Tom Wheatcroft, the man who revived Donington Park as a motor racing venue in the 1970s, died Saturday after a long illness.
A lifelong motor racing fan, Wheatcroft was a regular at Donington during the 1930s, witnessing the clashes between Auto Union and Mercedes-Benz grand prix cars, and after making a fortune in construction and property he acquired the park in 1971.
The track had closed in 1939 and was used by Britain's Ministry of Defence during the Second World War, which left it unfit for racing when motorsport in Europe restarted in the second half of the 1940s.
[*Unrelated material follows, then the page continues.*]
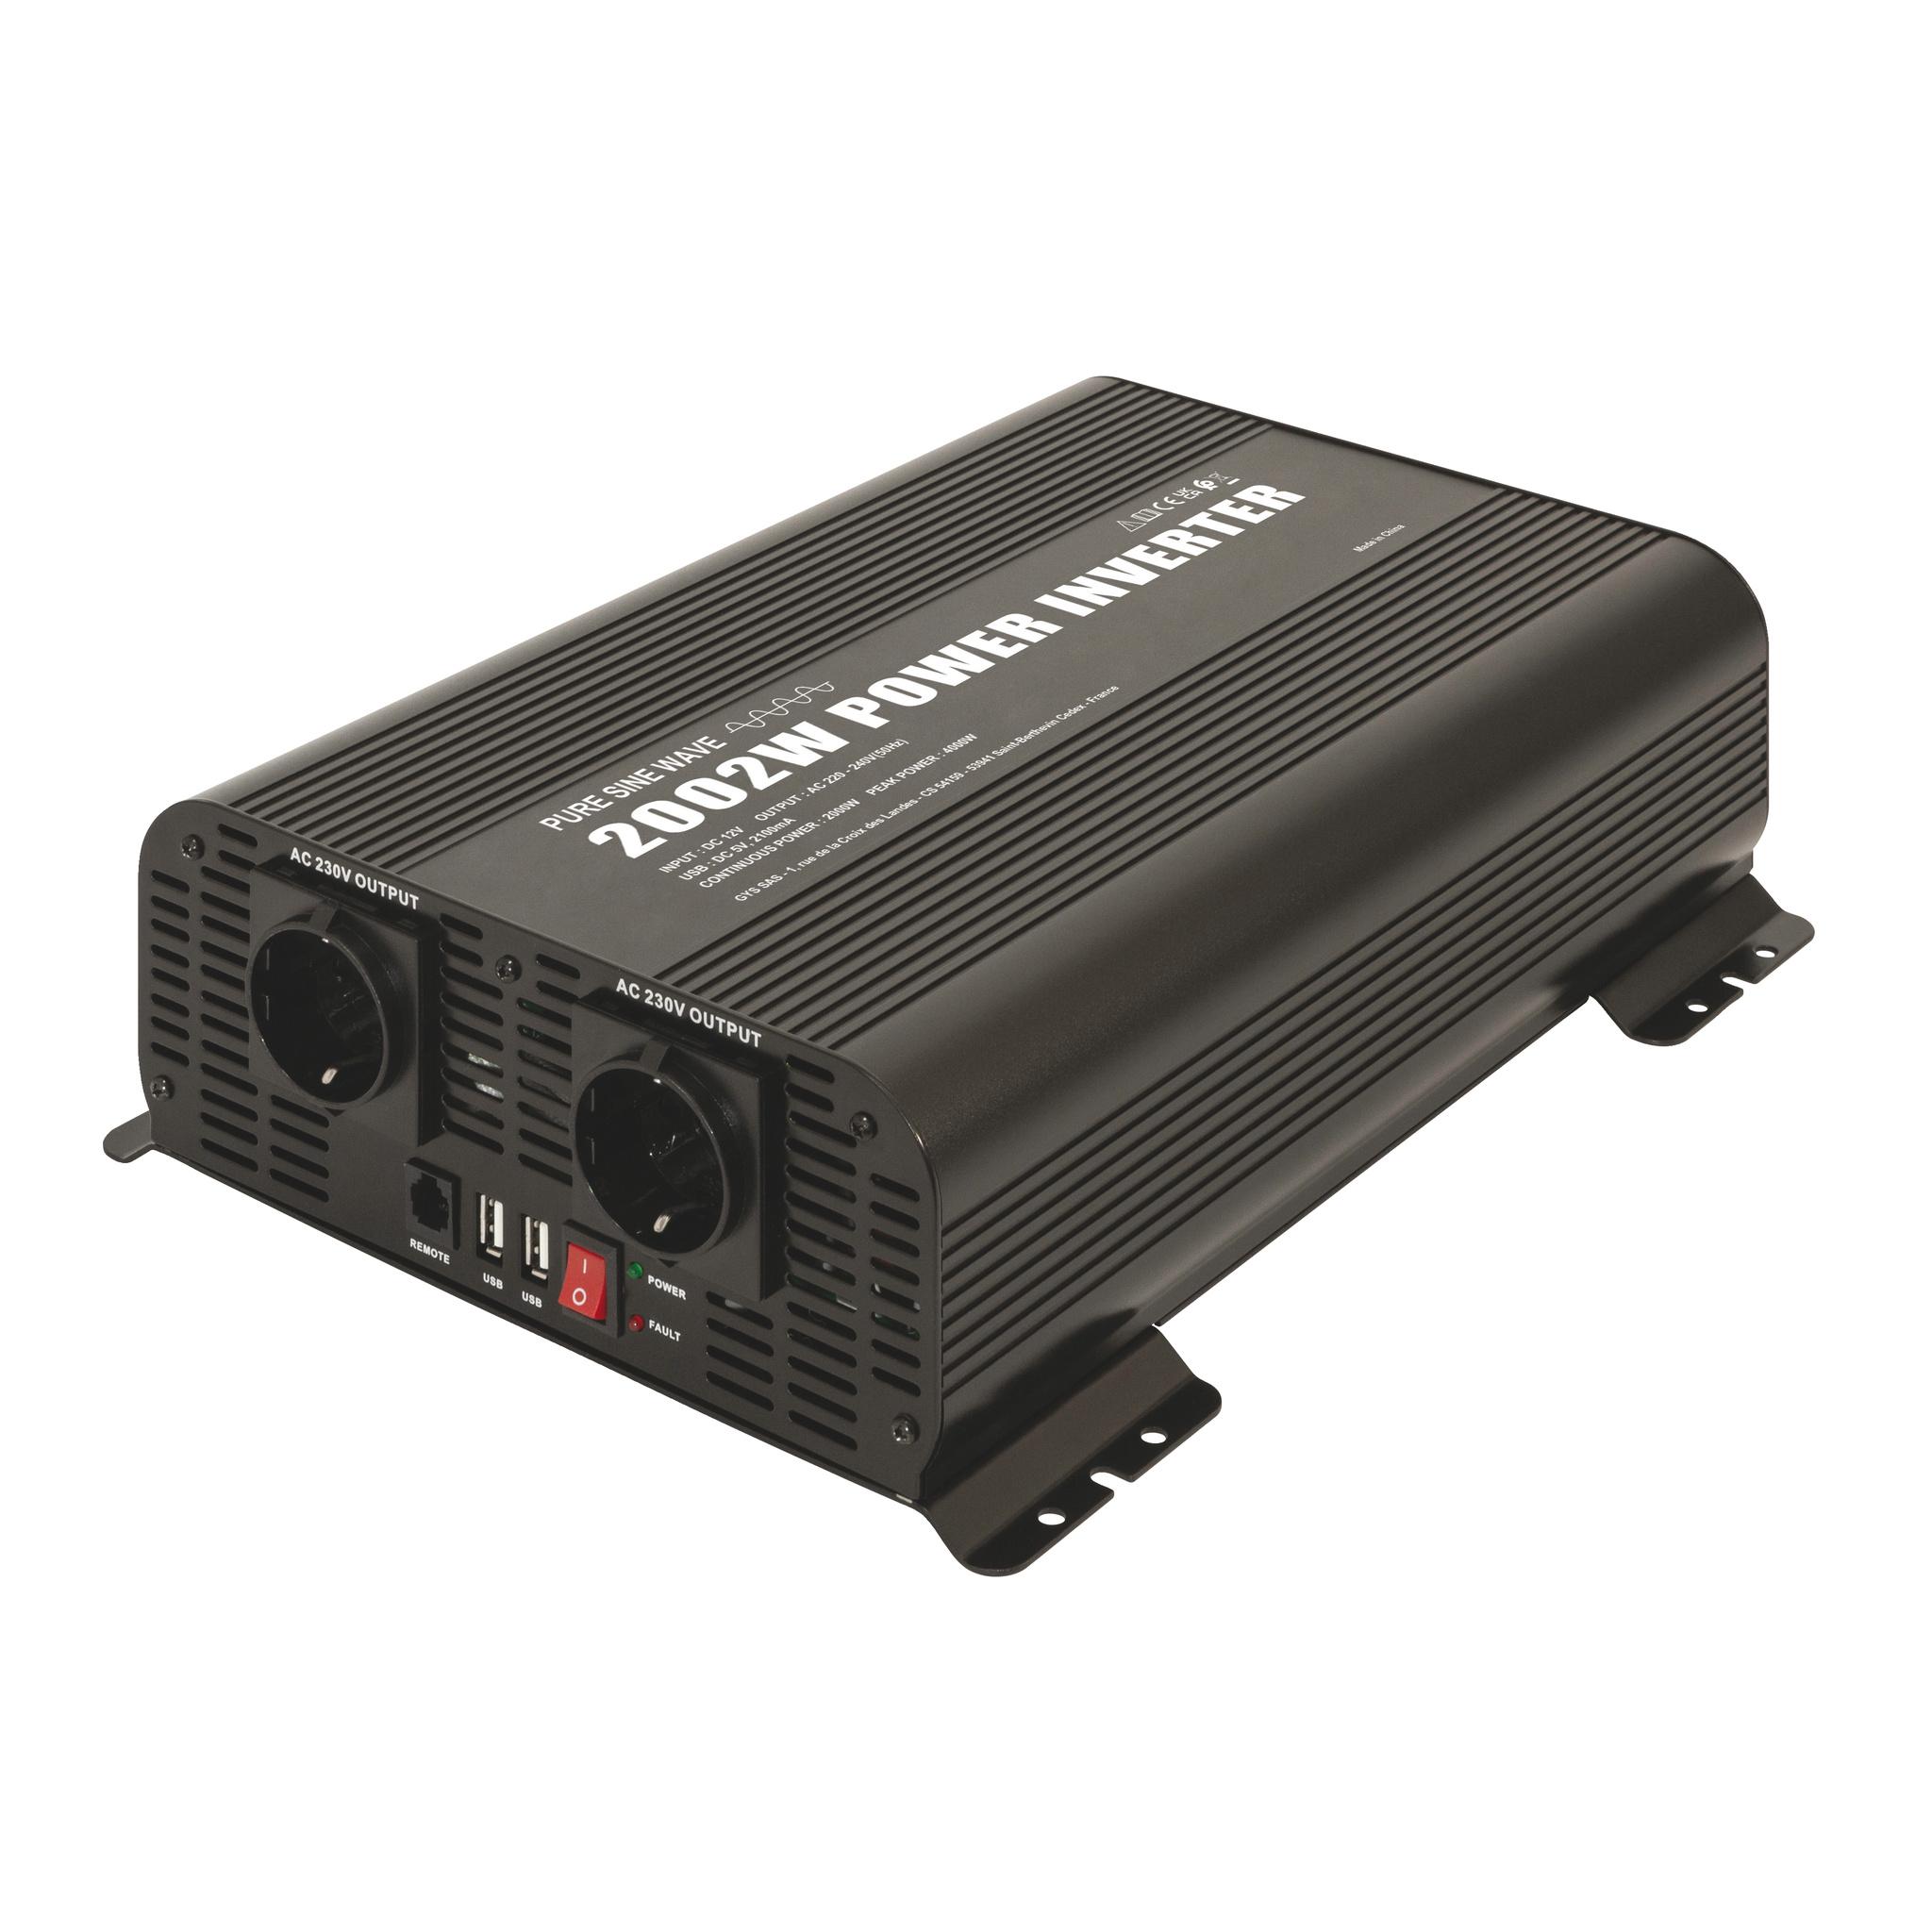 Omvormer-inverter PSW 2002W 24V met remote

After taking it over, Wheatcroft placed his growing racing car collection at Donington, where it remains to this day, and in 1977 the track held its first race meeting in 38 years.
In 1985, the track was extended to 2.5 miles with the addition of the Melbourne loop in preparation for hosting its first British Motorcycle Grand Prix in 1987. This remained Donington's blue riband event to today, although next year Silverstone will take over the race. But Wheatcroft's ambition was always to bring grand prix racing back to the track and in 1993 he achieved his dream by holding the European Grand Prix – 55 years after the last Donington Grand Prix was won by Tazio Nuvolari.
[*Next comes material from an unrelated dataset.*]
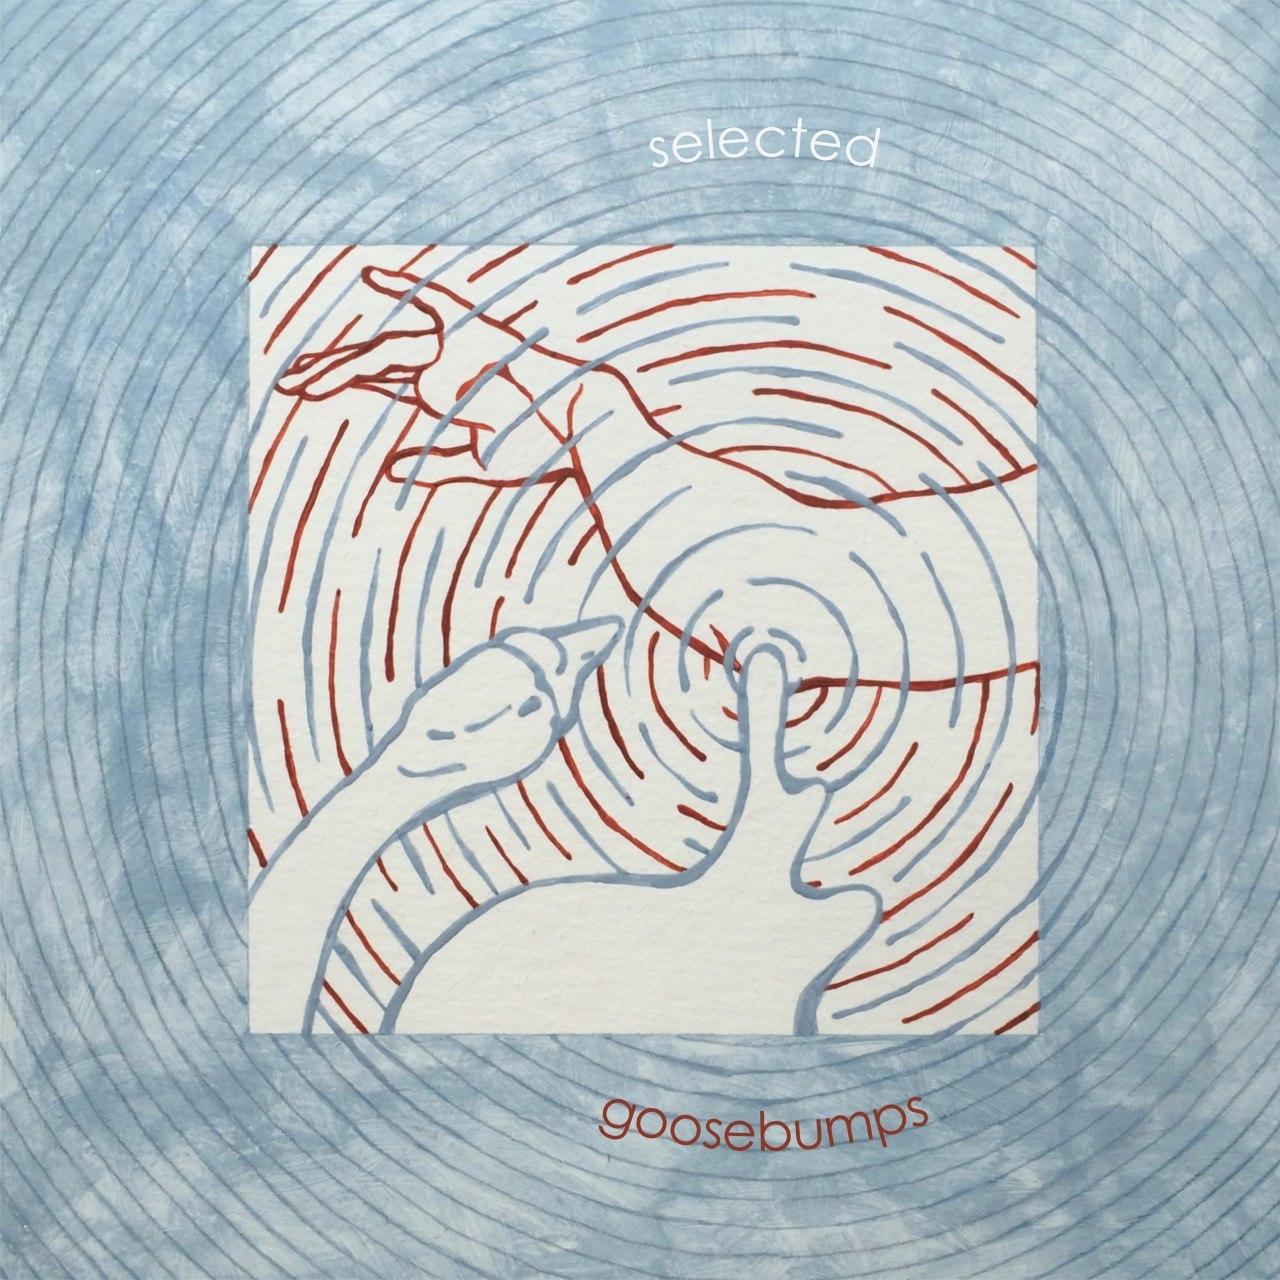 Любители необычной музыки, вот канал для вас: Selected Goosebumps. На нём...

Ayrton Senna took one of his most famous victories in that race ahead of Damon Hill after a stunning wet weather drive. But it was to be a one-off race for Donington, and the prospect of Formula 1 returning did not arise again until the track, since 2007 under the control of leaseholder Donington Ventures Leisure Ltd, completed a deal to run the British Grand Prix from 2010.
Although Wheatcroft's company, Wheatcroft & Son, owned the venue, the company was not directly involved the scheme that earlier this week failed to meet Bernie Ecclestone's final deadline for raising the finance required for track work. In April this year, Wheatcroft and Son launched legal action against DVLL over unpaid rent, although the matter was later settled without going to court.
Wheatcroft passed away peacefully at 10:30 yesterday morning at home with his family. Motorsport fans the world over will mourn the man they have to thank for bringing one of the world's most famous circuits back to life.